Provided material START
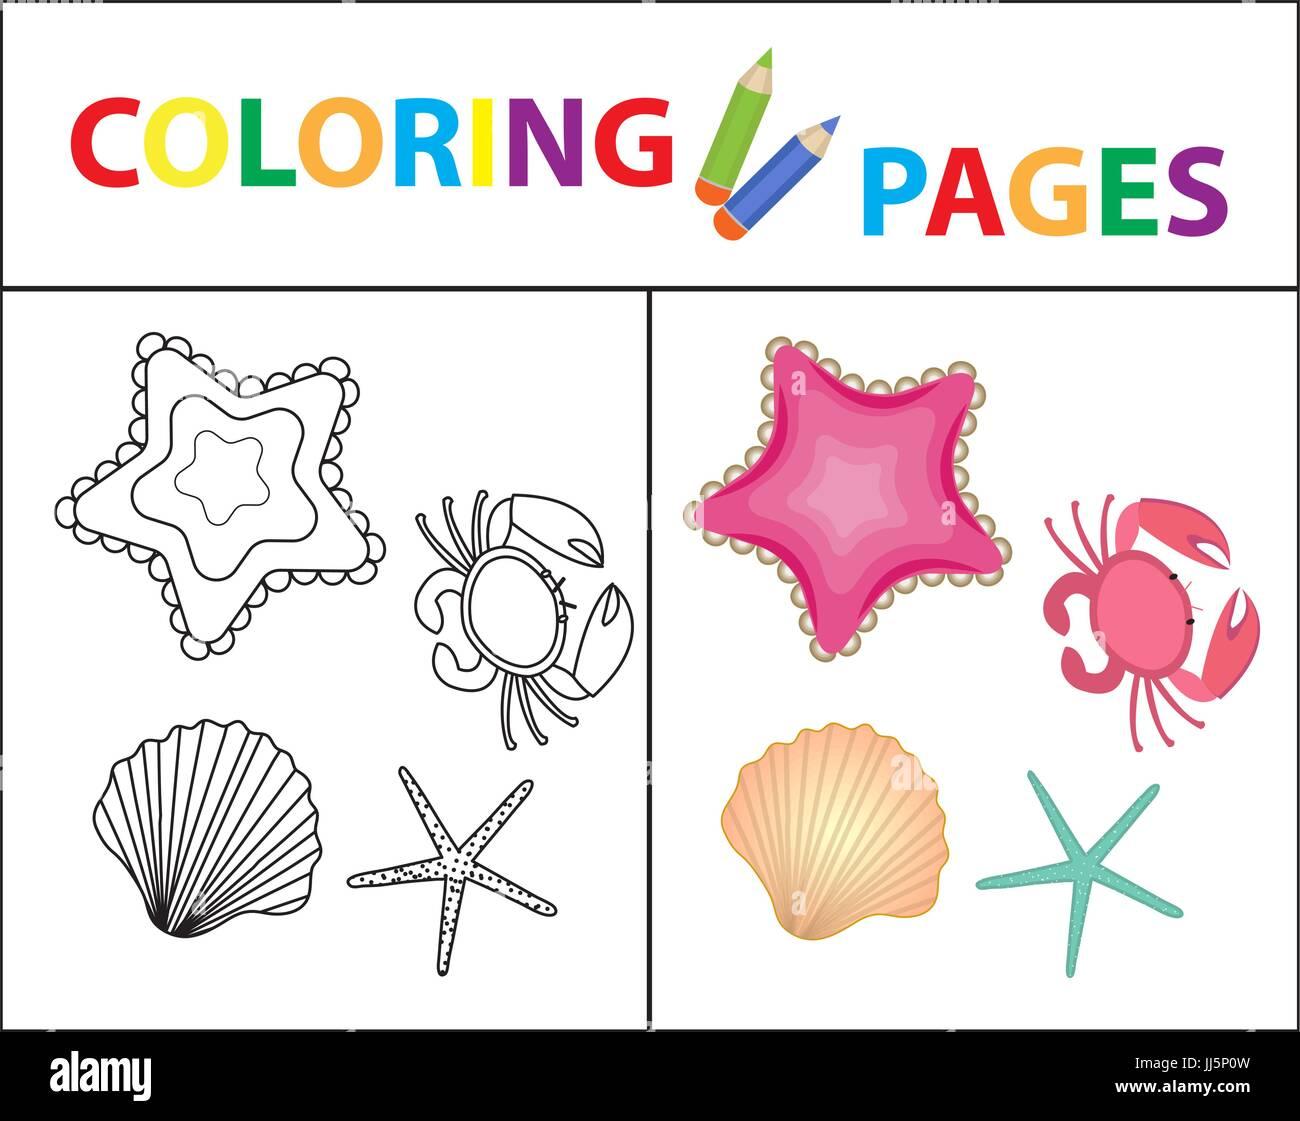 Coloring Book Seite. Satz, Sterne, Muschel, Krabbe, Perle. Skizze ...
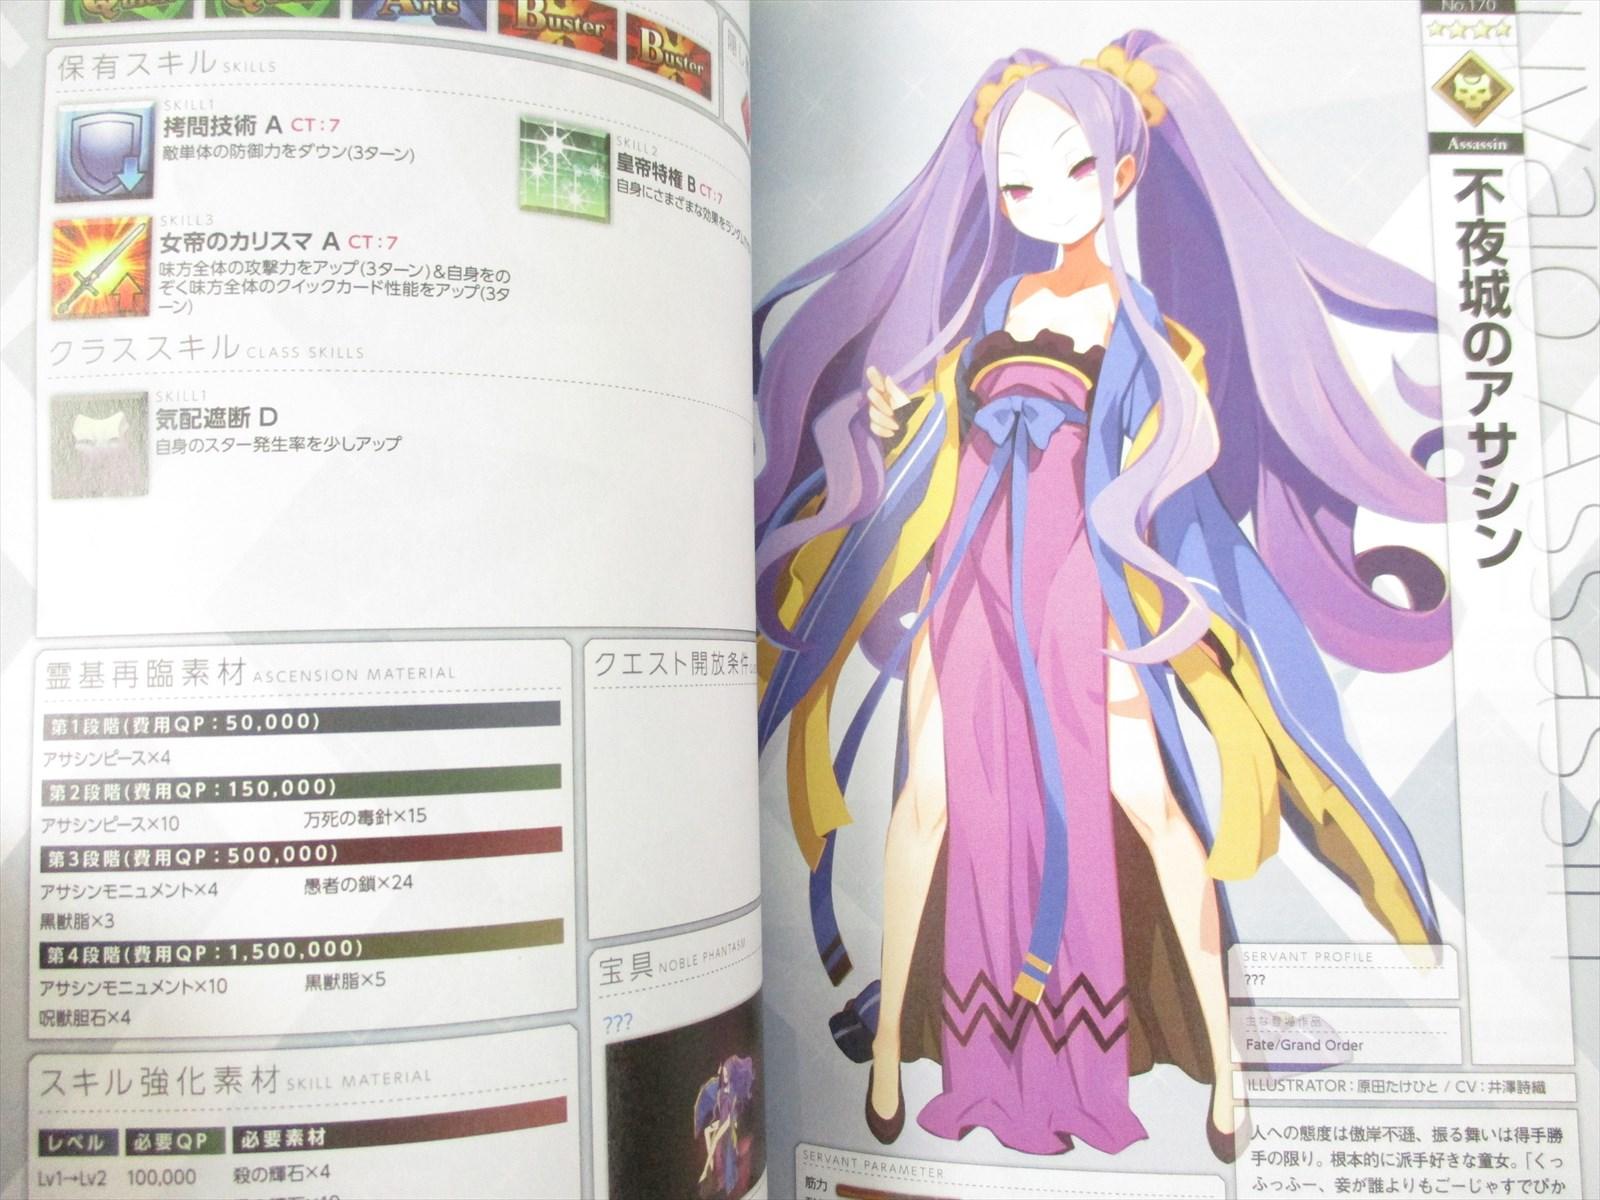 FATE GRAND ORDER Servant Storage II 2 Art Guide Book Ltd Type-Moon *
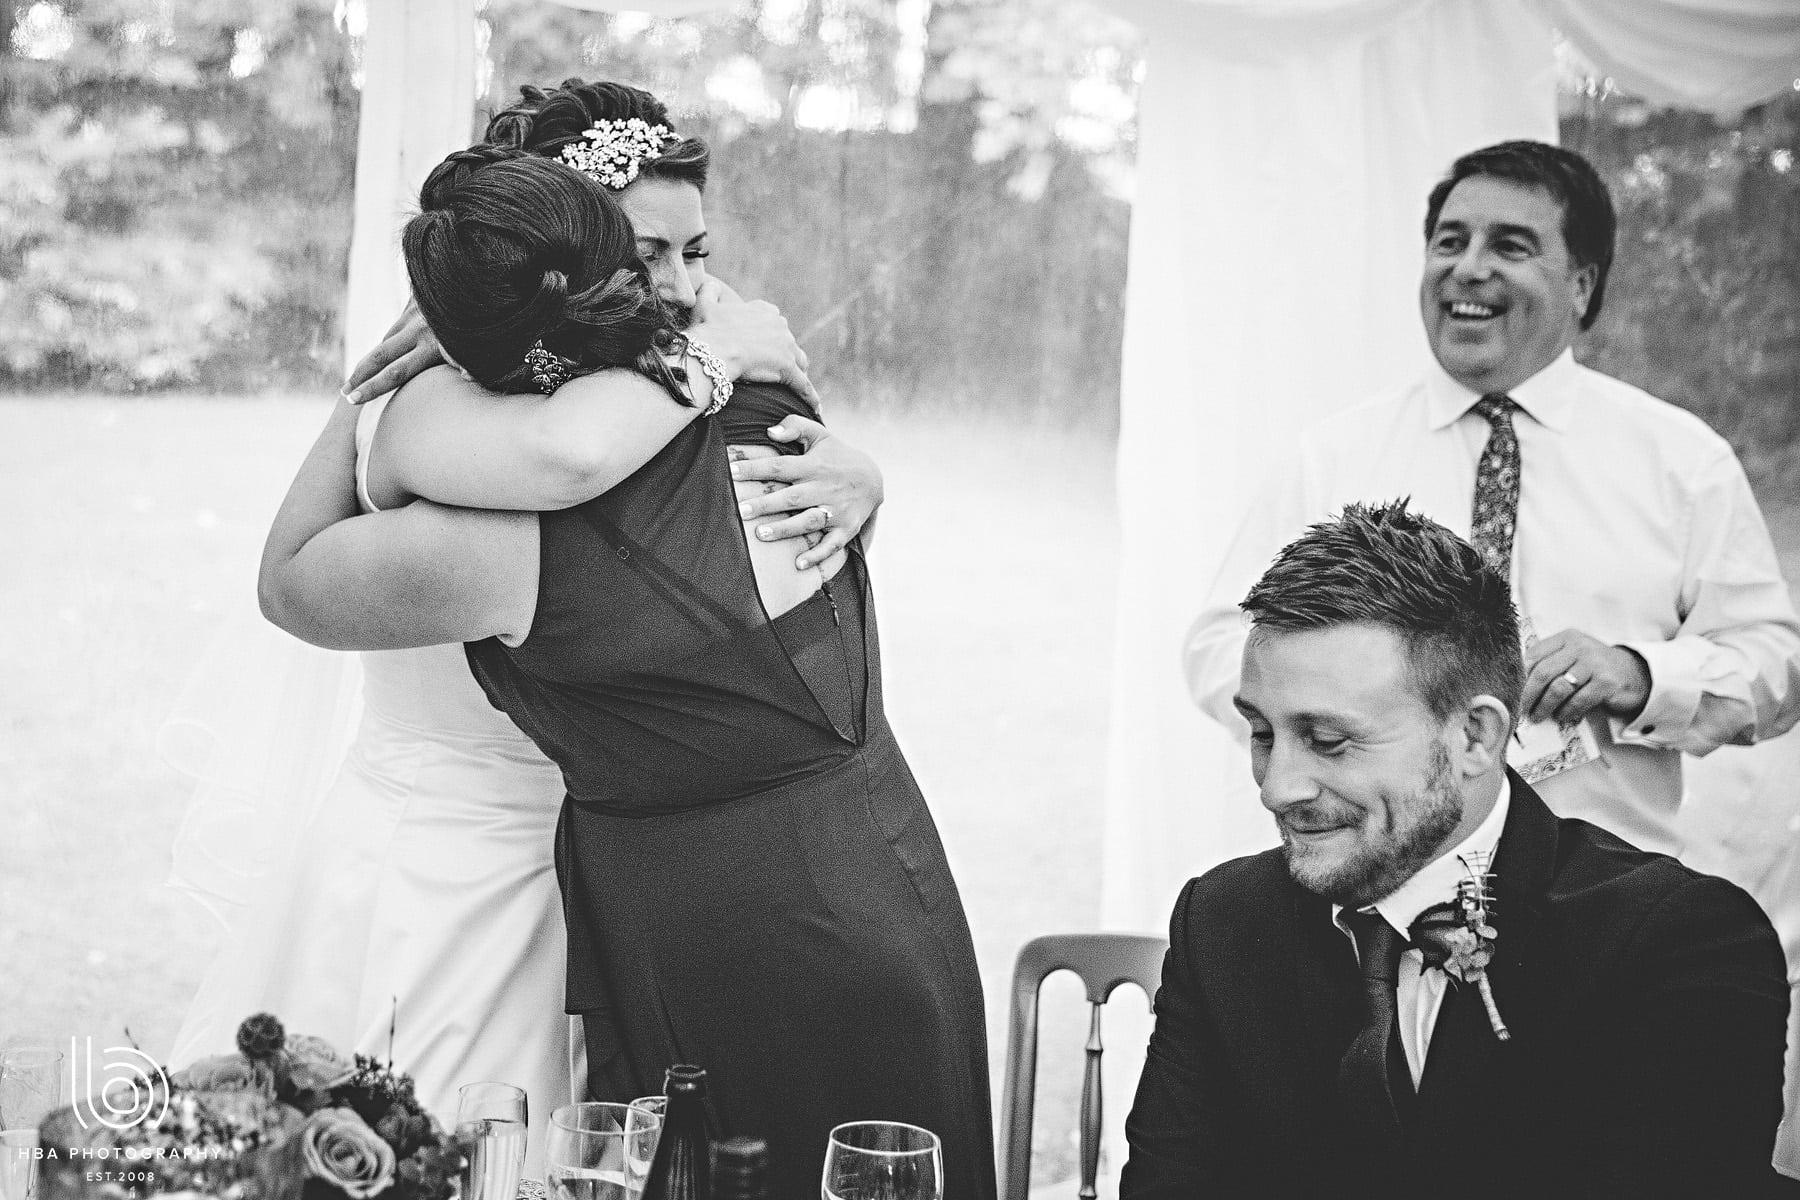 the bride hugging her bridesmaid
Provided material END
_Exercise_
Without including any picture, reproduce the material above word for word.

_Response_
 Coloring Book Seite. Satz, Sterne, Muschel, Krabbe, Perle. Skizze ...
 FATE GRAND ORDER Servant Storage II 2 Art Guide Book Ltd Type-Moon *
 the bride hugging her bridesmaid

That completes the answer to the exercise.